Bug 1558016

Summary: test ./tests/bugs/ec/bug-1236065.t is generating crash on build
Product: [Community] GlusterFS Reporter: Mohit Agrawal <moagrawa>
Component: disperseAssignee: Xavi Hernandez <jahernan>
Status: CLOSED CURRENTRELEASE QA Contact:
Severity: unspecified Docs Contact:
Priority: unspecified    
Version: mainlineCC: bugs, jahernan
Target Milestone: ---   
Target Release: ---   
Hardware: Unspecified   
OS: Unspecified   
Whiteboard:
Fixed In Version: glusterfs-v4.1.0 Doc Type: If docs needed, set a value
Doc Text:
Story Points: ---
Clone Of:
: 1559079 (view as bug list) Environment:
Last Closed: 2018-06-20 18:02:26 UTC Type: Bug
Regression: --- Mount Type: ---
Documentation: --- CRM:
Verified Versions: Category: ---
oVirt Team: --- RHEL 7.3 requirements from Atomic Host:
Cloudforms Team: --- Target Upstream Version:
Embargoed:
Bug Depends On:    
Bug Blocks: 1559079    

Description Mohit Agrawal 2018-03-19 12:42:51 UTC
Description of problem:
Test ./tests/bugs/ec/bug-1236065.t is generated crash in multiple builds
https://build.gluster.org/job/centos7-regression/379/console
https://build.gluster.org/job/centos7-regression/380/console

Version-Release number of selected component (if applicable):


How reproducible:
Always

Steps to Reproduce:
1.Run below command to generate the crash, After execute test case 3rd/4th attempt
it has generated crash. 
for i in {1..10}; do prove -vf ./tests/bugs/ec/bug-1236065.t; done

Actual results:


Expected results:


Additional info:

Comment 2 Xavi Hernandez 2018-03-19 19:29:38 UTC
A first analysis shows that a readdirp request is returning directory entries with empty iatt information. I'll check why this happens. Anyway a heal shouldn't be attempted with a NULL gfid. I'll add a check for this.

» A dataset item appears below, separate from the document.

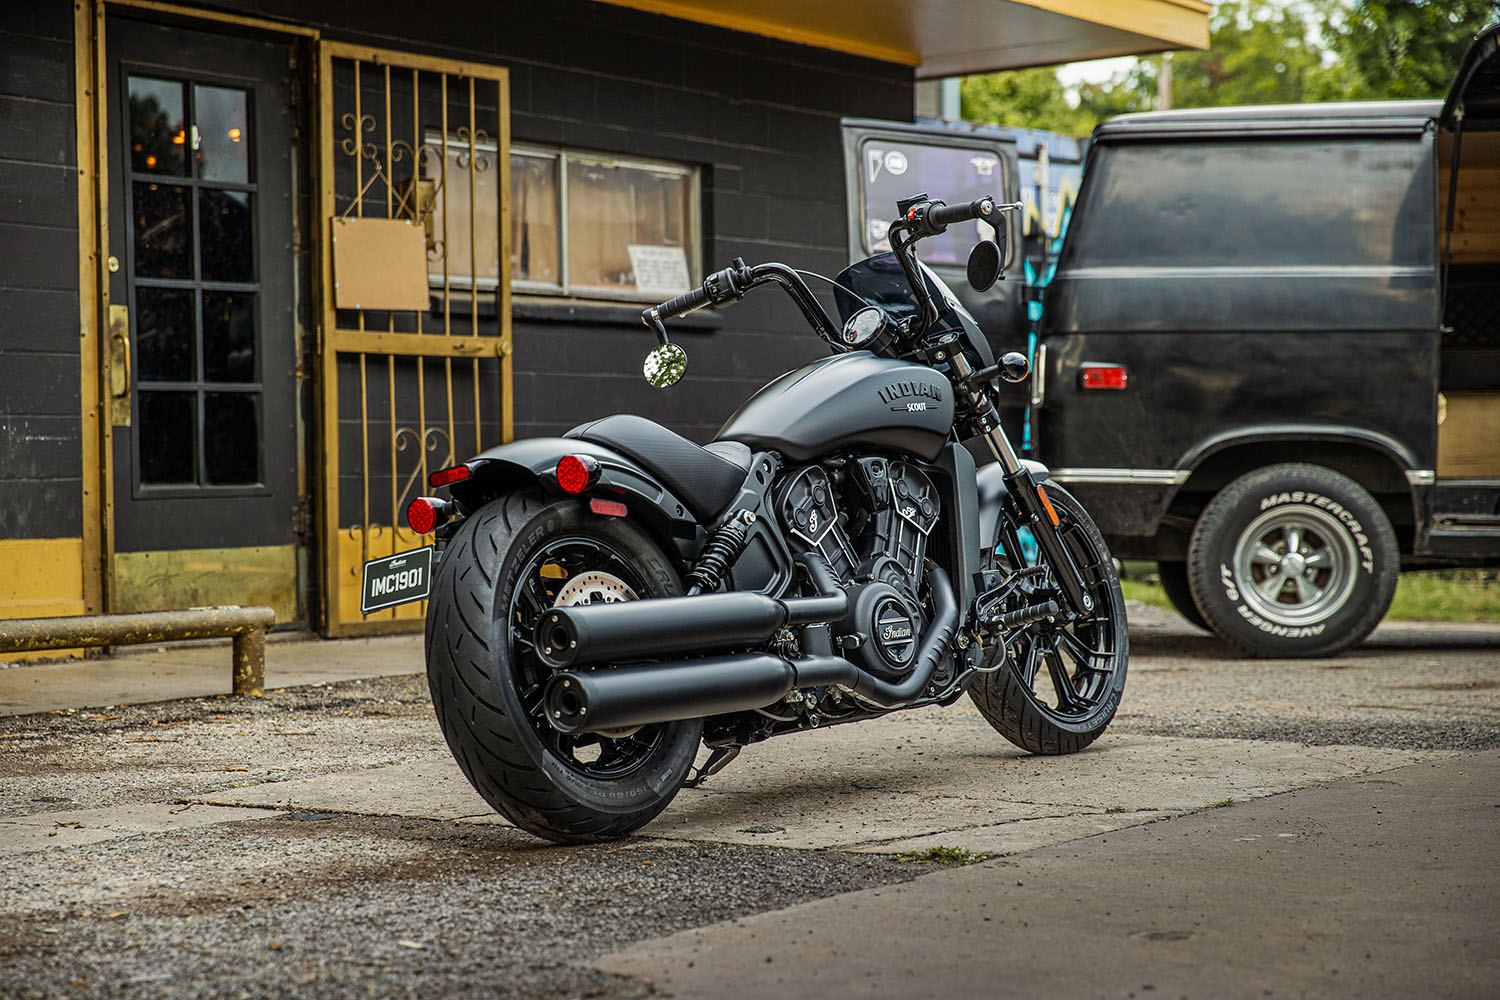 2022 Indian Scout® Rogue ABS in Muskego, Wisconsin - Photo 15

Comment 3 Worker Ant 2018-03-20 10:07:44 UTC
REVIEW: https://review.gluster.org/19746 (cluster/ec: fix SHD crash for null gfid's) posted (#1) for review on master by Xavi Hernandez

Comment 4 Worker Ant 2018-03-21 16:28:04 UTC
COMMIT: https://review.gluster.org/19746 committed in master by "Xavi Hernandez" <xhernandez> with a commit message- cluster/ec: fix SHD crash for null gfid's

When the self-heal daemon is doing a full sweep it uses readdirp to
get extra stat information from each file. This information is
obtained in two steps by the posix xlator: first the directory is
read to get the entries and then each entry is stated to get additional
info. Between these two steps, it's possible that the file is removed
by the user, so we'll get an error, leaving stat info empty.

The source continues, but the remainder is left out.